Probabilistic Programming 1: Bayesian inference in conjugate models¶

Goal¶

• Practice forming factor graphs out of probabilistic models.
• Familiarize yourself with message passing on factor graphs.
• Practice specifying models and inference procedures in a probabilistic programming language.

Materials¶

• Mandatory
  • This notebook
  • Lecture notes on factor graphs
  • Lecture notes on continuous data
  • Lecture notes on discrete data
• Optional
  • Chapters 2 and 3 of Model-Based Machine Learning.
  • Differences between Julia and Matlab / Python.

Problem: A Job Interview¶

Suppose you have graduated and applied for a job at a tech company. The company wants a talented and skilled employee, but measuring a person's skill is tricky; even a highly-skilled person makes mistakes and - vice versa - people with few skills can get lucky. They decide to approach this objectively and construct a statistical model of responses.

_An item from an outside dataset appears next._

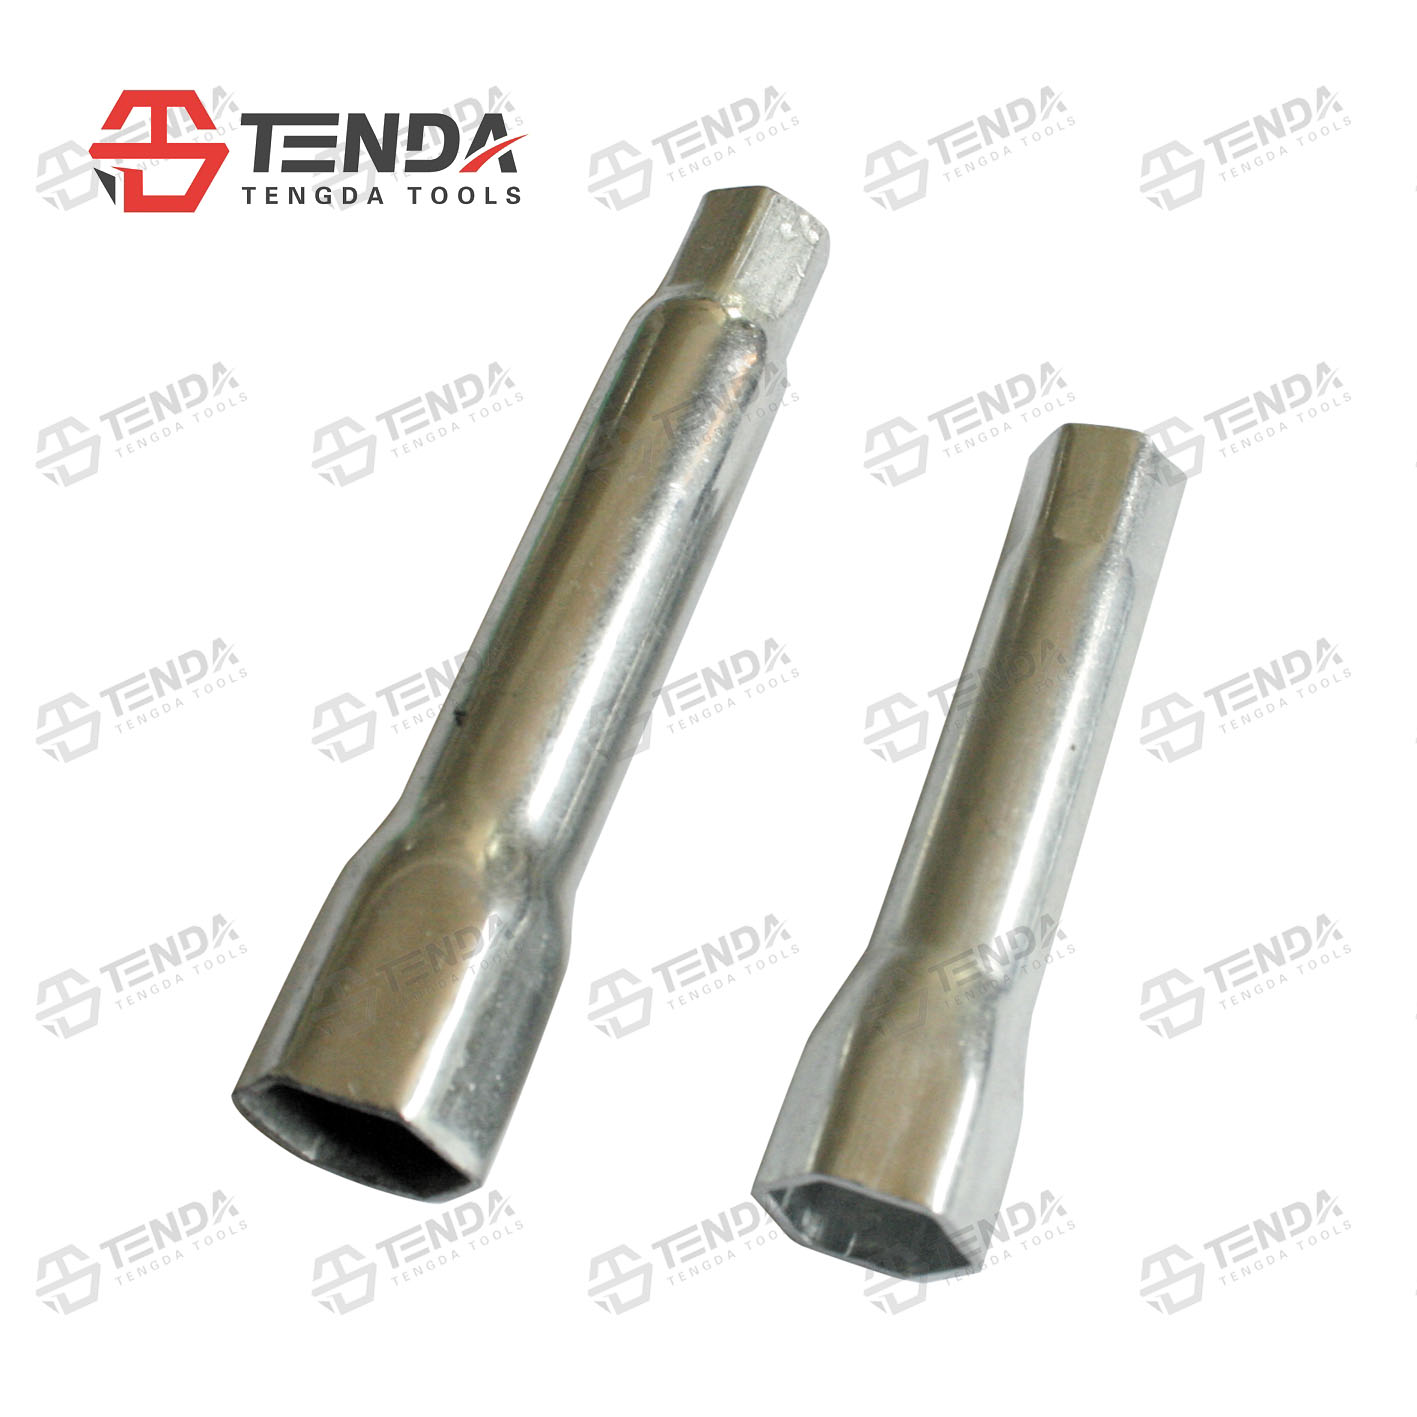 TD-070-03 Spark Plug Wrench

In this session, we will look at estimating parameters in various distributions under the guise of assessing skills based on different types of interview questions. We will practice message passing on factor graphs using a probabilistic programming language developed at the TU/e: RxInfer.jl.

1: Right or wrong¶

To start, the company wants to test the applicants' programming skills and created a set of bug detection questions. We will first look at a single question, which we treat as an outcome variable $X_1$. Your answer is either right or wrong, which can be modelled with a Bernoulli likelihood function. The company assumes you have a skill level, denoted $\theta$, and the higher the skill, the more likely you are to get the question right. Since the company doesn't know anything about you, they chose an uninformative prior distribution: the Beta(1,1). We can write the generative model for answering this question as follows:

$$\begin{aligned} p(X_1, \theta) =&\ p(X_1 \mid \theta) \cdot p(\theta) \\ =&\ \text{Bernoulli}(X_1 \mid \theta) \cdot \text{Beta}(\theta \mid \alpha = 1, \beta=1) \, . \end{aligned}$$

The factor graph for this model is:

We are now going to construct this factor graph / probabilistic model in RxInfer.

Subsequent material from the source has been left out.